On the day in question Mr Smith had come up to their house and when Mrs Insley opened the door to him, he swore at her and accused her of parking her car illegally. She asked him to go home and closed the door

Mrs Smith then joined in the abuse over their claim that the car was illegally parked. Mr Insley, 73, walked to where Mrs Smith had left her walker to demonstrate there was plenty of space to get round the car.

As he walked back to the house past Mrs Smith, she slapped him around the face and grabbed his glasses. He tried to make light of it by making a comment about the garden and they started to pull flowers out of pots and tipped over two large planters.

When Mrs Insley intervened and again told them to go home, she was also slapped across the face and her glasses knocked off. A neighbour tried to intervene and pull Mr and Mrs Smith away from the garden and eventually both the police and a paramedic arrived.

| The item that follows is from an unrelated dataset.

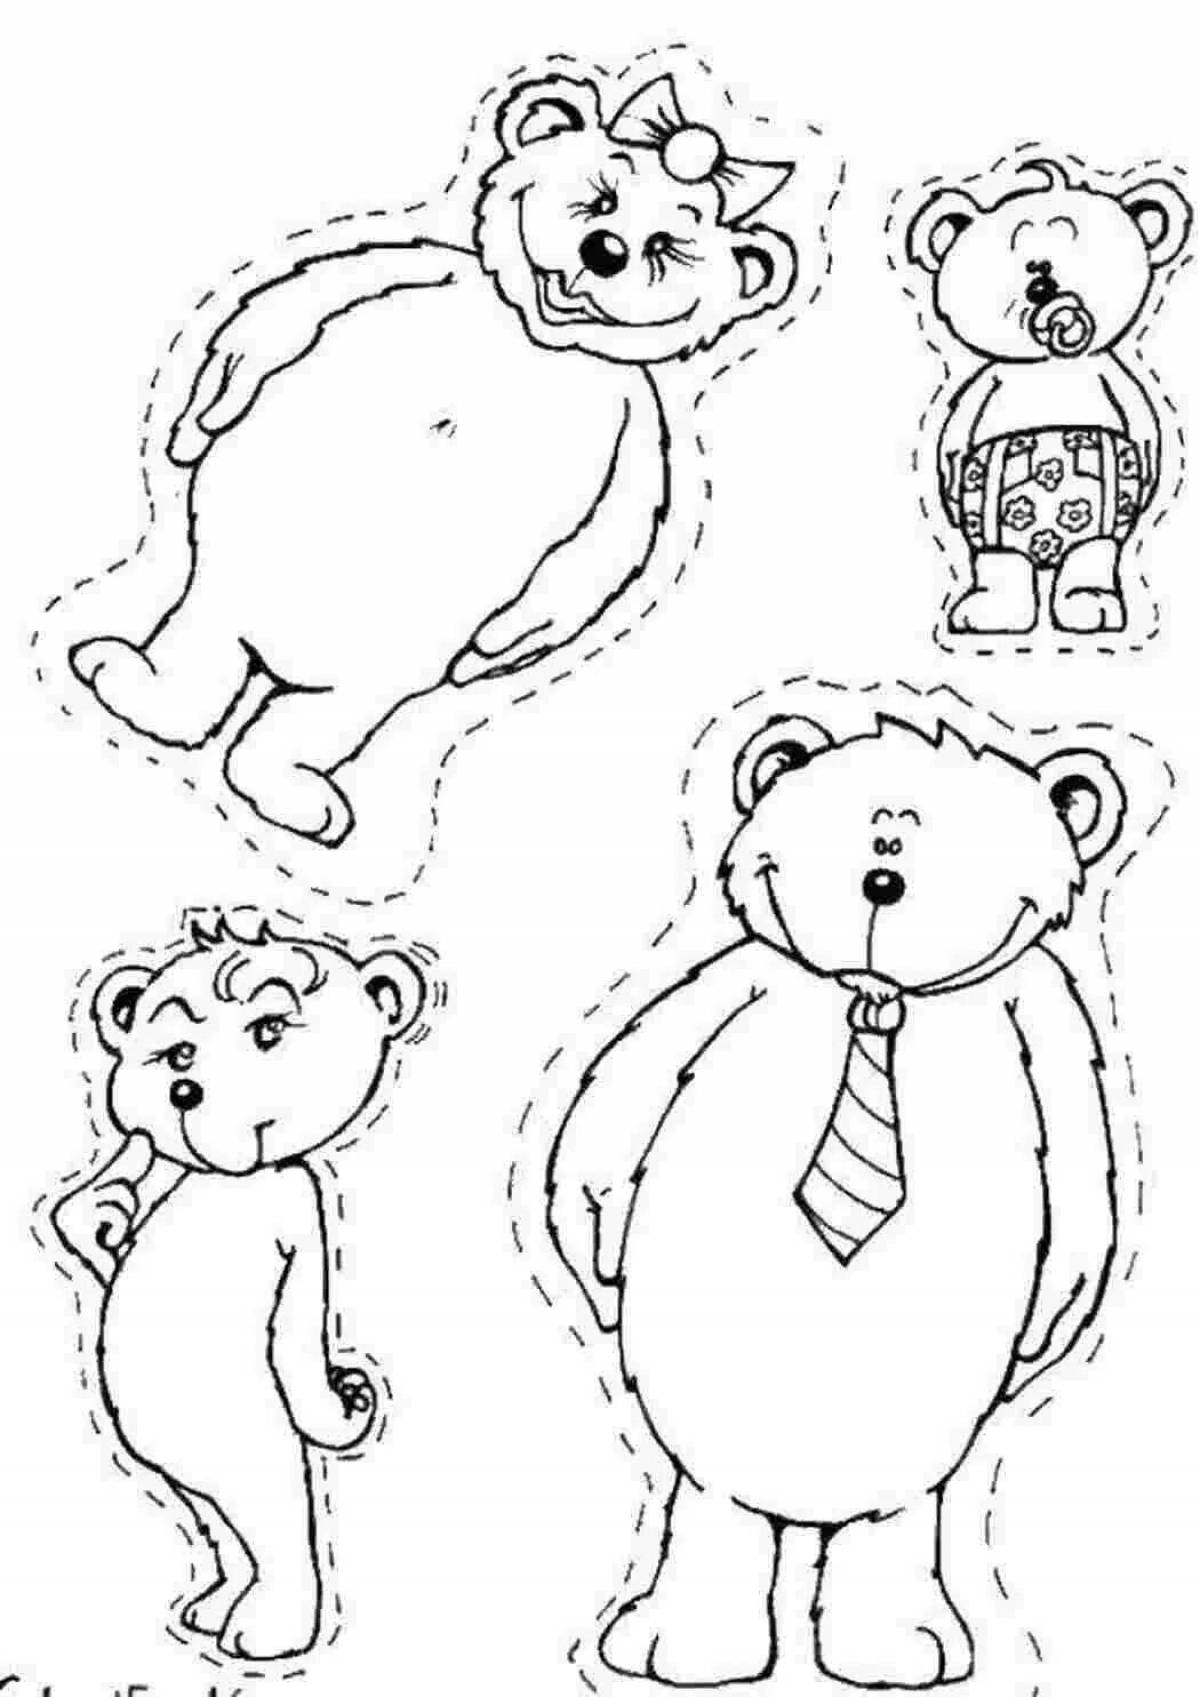 Furry bear family coloring page

Mrs Insley who, like Mrs Smith, has a disabled permit parking bay, said the recent problems all stemmed from their neighbours’ camper van which was parked outside the houses in the cul de sac and had caused difficulties for neighbours - to the extent that the couple had been unwilling to move it even for Mrs Insley’s disabled permit parking bay to be painted on the road.

Of last September’s incident, which had ‘shaken up’ her husband and herself, she said: “It had never got to physical violence before, only verbal abuse.”